PartitionFinder was adopted to select the best-fit model of nucleotide evolution for phylogenetic analysis (Lanfear et al. 2012). For this purpose, ND2 was partitioned into its codon positions, a necessary step for accurate phylogenetic analysis (Lanfear et al. 2012). The predefined partitioning scheme comprised three partitions, representing the three codon positions of ND2. A user search was implemented, with linked branch lengths. The Bayesian Information Criterion was adopted to select the best-fit model following Aho et al. (2014). PartitionFinder was run twice, constraining evaluated models to those available in RAxML (Stamatakis 2014) and MrBayes (Ronquist et al. 2012) respectively.

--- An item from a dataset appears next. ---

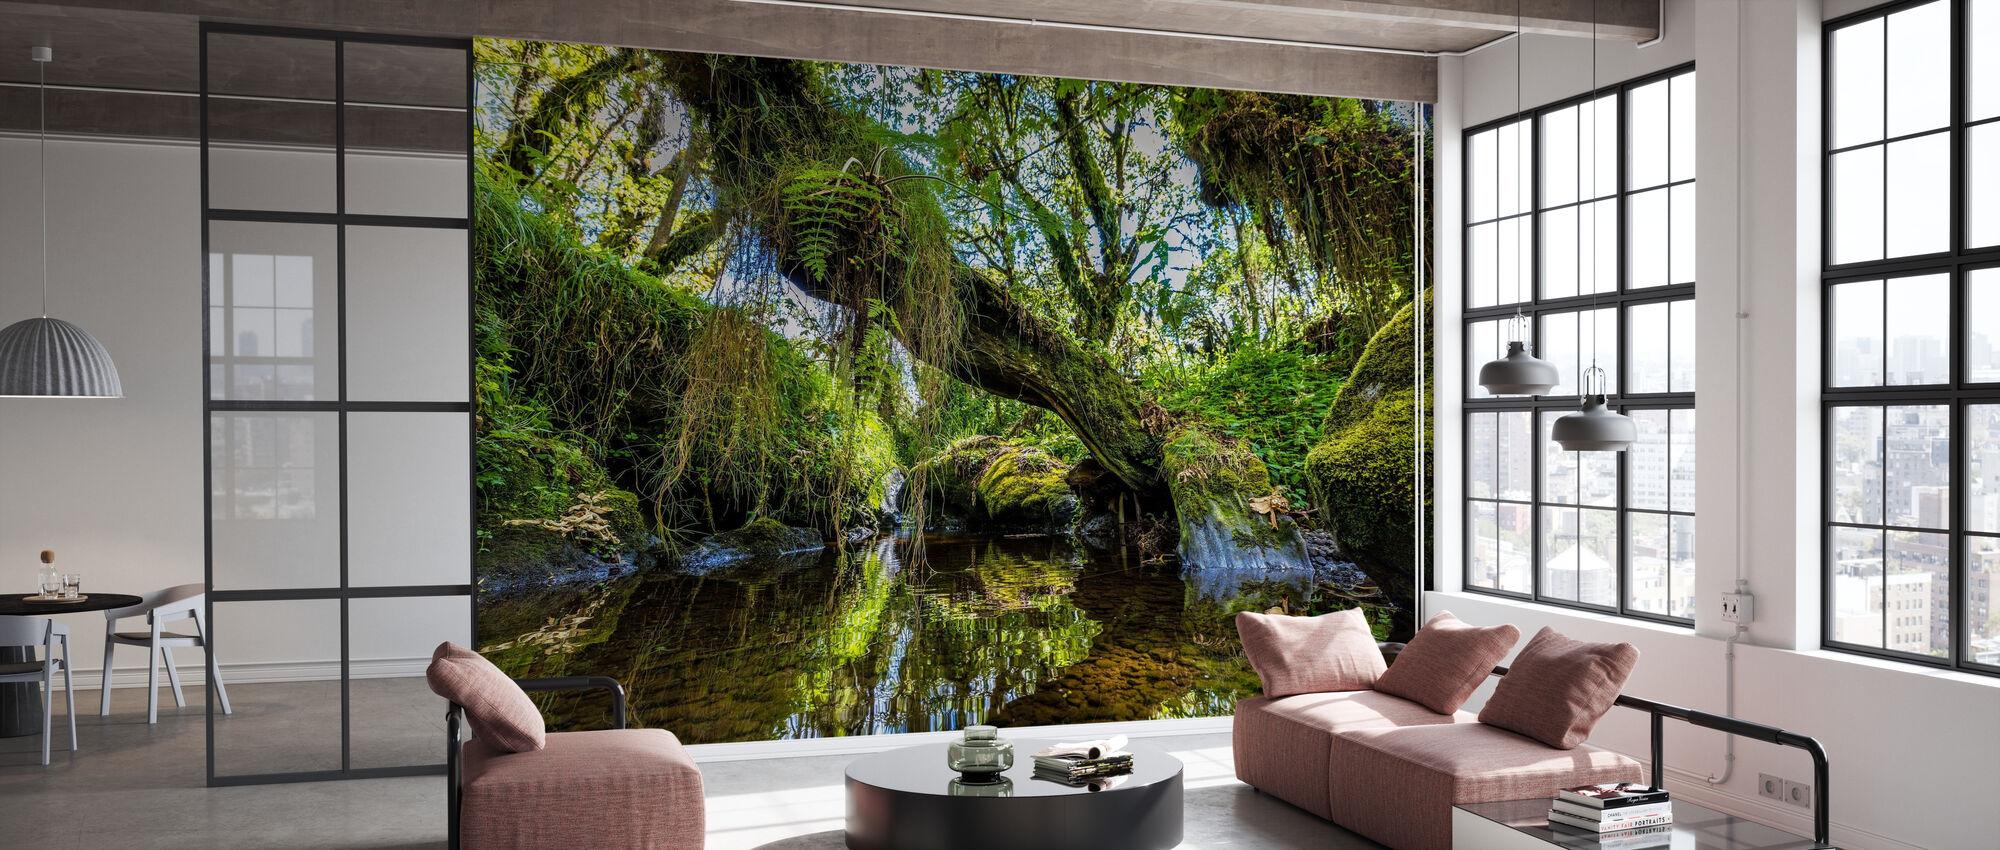 Wetland - Wallpaper - Office

Phylogenetic analysis was carried out using maximum likelihood (ML) and Bayesian inference (BI) methods. ML analysis was performed with RAxML 8 (Stamatakis 2014), using the best-fit model inferred with PartitionFinder (GTR+G). The autoMRE function to find the needed number of bootstrap replicates was adopted, as this function was estimated to perform the best by Pattengale et al. (2010). BI analysis was carried out with MrBayes 3.2.6 (Ronquist et al. 2012). The best-fit models identified by PartitionFinder were specified for each partition: HKY+G, HKY, and HKY respectively for the first, second and third codon positions of ND2. BI analysis was run for 5 × 106 generations, sampling every 1000 generations, with four chains and a temperature of 0.2. The default burn-in fraction of 25% was retained, and the consensus tree produced from the remaining trees. Stationary log-likelihood (lnL) scores and an average standard deviation of split frequencies lower than 0.01 confirmed that enough generations were being applied (Ronquist et al. 2012).


Results

Field surveys – Round 1

Prior to this study, P. gulbaru was known only from south Patterson’s Gorge and north Patterson’s Gorge (blue symbols in Fig. 1b). In the first round of surveys we found the species at these localities, as well as at an additional three localities: Bluewater Range, Hervey Range, and The Pinnacles (red symbols in Fig. 1b). The new localities were up to 10 km north (Bluewater) and 17 km south-east (The Pinnacles) of the previously known range, greatly increasing the known distribution of P. gulbaru. P. gulbaru was found to be highly localised at each of these localities. Assessment of habitat from satellite imagery (Google Earth) and on foot in the field show that the habitat required by these species, consisting of rainforest and piled rocky boulders, is currently fragmented. This is particularly the case for the southern localities (Hervey Range and The Pinnacles), which are clearly separated from other localities by unsuitable dry habitat. Despite being highly localised, P. gulbaru was generally present at high density in suitable habitat at each site. The exception was The Pinnacles, where only two individuals were found during three thorough surveys of the locality (totalling ~23 person-hours of survey effort).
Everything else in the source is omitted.